The Polish anticommunists of the short 20th century were very impressed with Fascism
The Polish anticommunists of the short 20th century were very impressed with Fascism
(Mirror. Mirror. Mirror. Mirror.)
Fascism spawned substantial numbers of Mussolini fans in Imperial America, the Empire of Japan, and elsewhere. Poland was no exception:
Before the March on Rome, **the Polish nationalist press yielded a sheer inundation of mentions and larger journalistic pieces whose purport for the Italian fascism was enthusiastic.**18 Among the opinion‐making periodicals, Warsaw‐based Myśl Narodowa took primacy in delivering the news on the situation in Italy.
Ignacy Oksza‐Grabowski, the biweekly’s leading commentator (and editor‐in‐chief for some time), argued that fascists were essentially active and involved conservatives (“traditionalists, of a deep Italic culture”), just militant and struggle‐oriented (“acting rather than talking”), putting national slogans into practice (“pure sang nationalists”).19
[…]
The crest of the wave of interest in the biweekly was marked with Myśl Narodowa’s issue dedicated to Italy, opening with a poem by Rosa di Mario, ‘the Poetess of the Fascists’, entitled To Poland and written “to the nation’s honour”.21 The Poznań‐based Przegląd Wszechpolski spoke in a similar spirit; its authors saw a universal message in the Italian incidents: fascism is, they believed, a “powerful reaction against the disintegration trends”, a “national movement which, in the name of rescuing the Homeland from decay, embarked on fighting against communism”.22
(The ‘disintegration trends’ in question probably referring to Italy’s ‘mid‐1921 […] class‐based trade unions, through to anarchistic and social‐democratic groups and the communist parties emerging at that very time.’)

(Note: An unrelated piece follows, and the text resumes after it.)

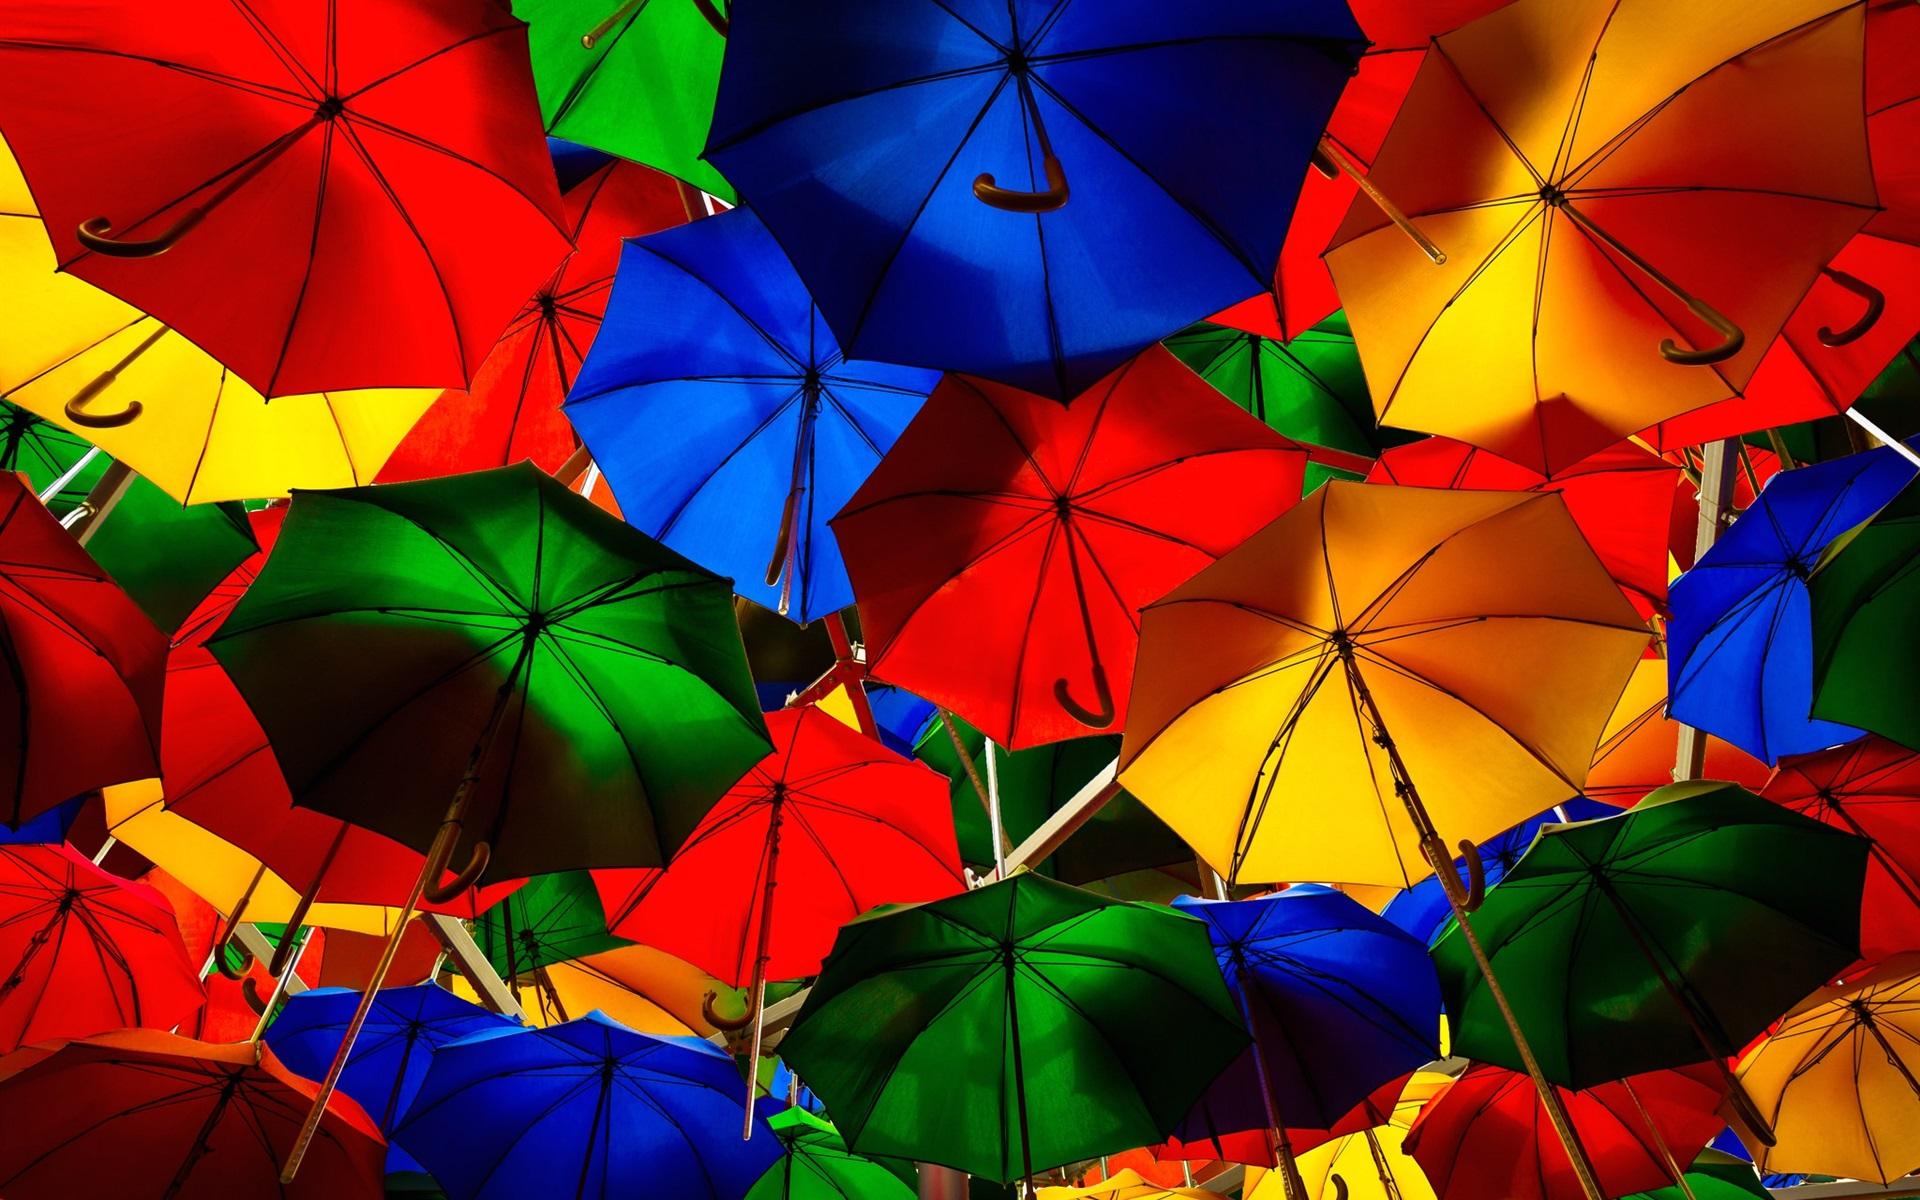 Fondos De Pantalla Paraguas De Colores, Calle 1920x1200 HD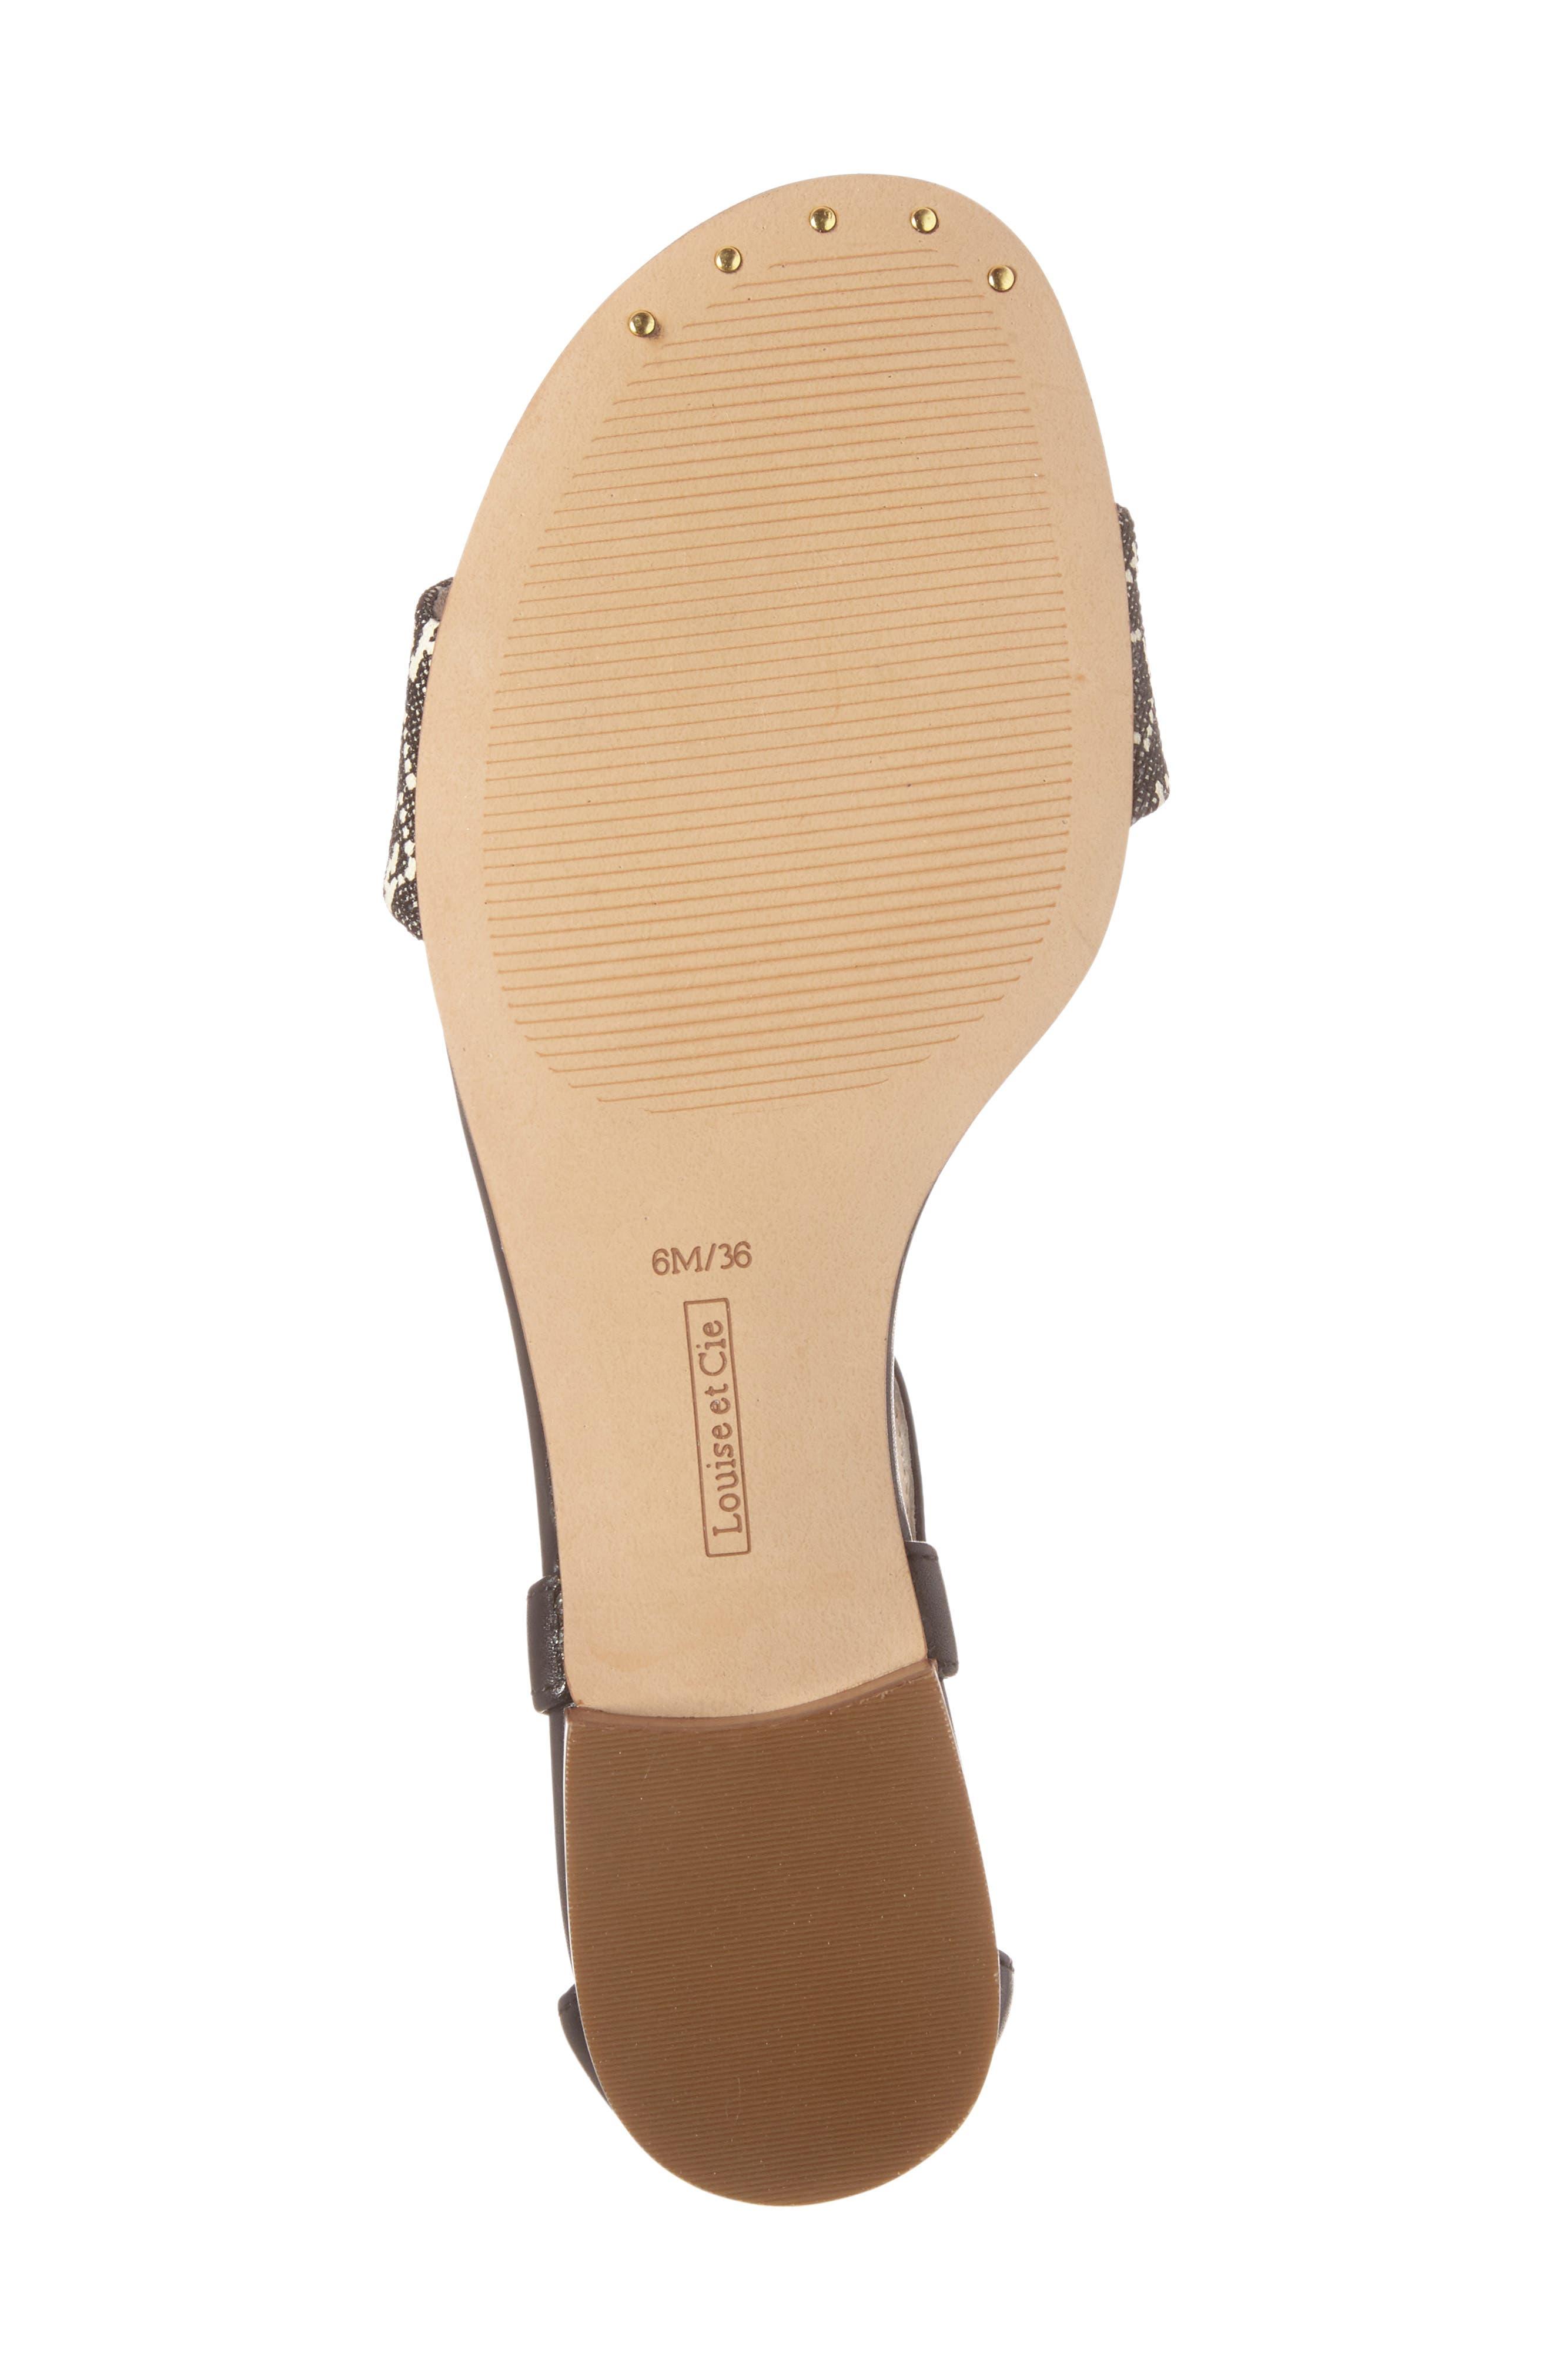 Adley Ankle Strap Sandal,                             Alternate thumbnail 4, color,                             002

The Przegląd Wszechpolski editors believed that the situation in Italy was part of a more general wave that would spread all over Europe, while the concept of fascism described a broader, supranational phenomenon. […] Fascist Italy was depicted as the mainstay of “civilisation, and of social and political peace in Europe”, Kurier Poznański, Greater Poland’s largest nationalist daily, wrote of an attempt at the “greatest man of Italy and humanity” (p. 172).
[…]
In his correspondence cycle preceding the collection of writings entitled Amica Italia, Władysław Jabłonowski ascertained that fascism was an “intensified activity in the area of national expansion”. Apart from taking prevalence in Italian public life, he pointed to new colonial conquests as another objective of fascism.61
It is thanks to fascism, he argued, that the Italians have been born anew, or biologically and spiritually reborn (“the strength of a tribe bustling with a mighty life is seen breaking through”); they are bringing about “an act of great importance, indeed a historical act … of passing from a small to a grand colonial epoch” (p. 3).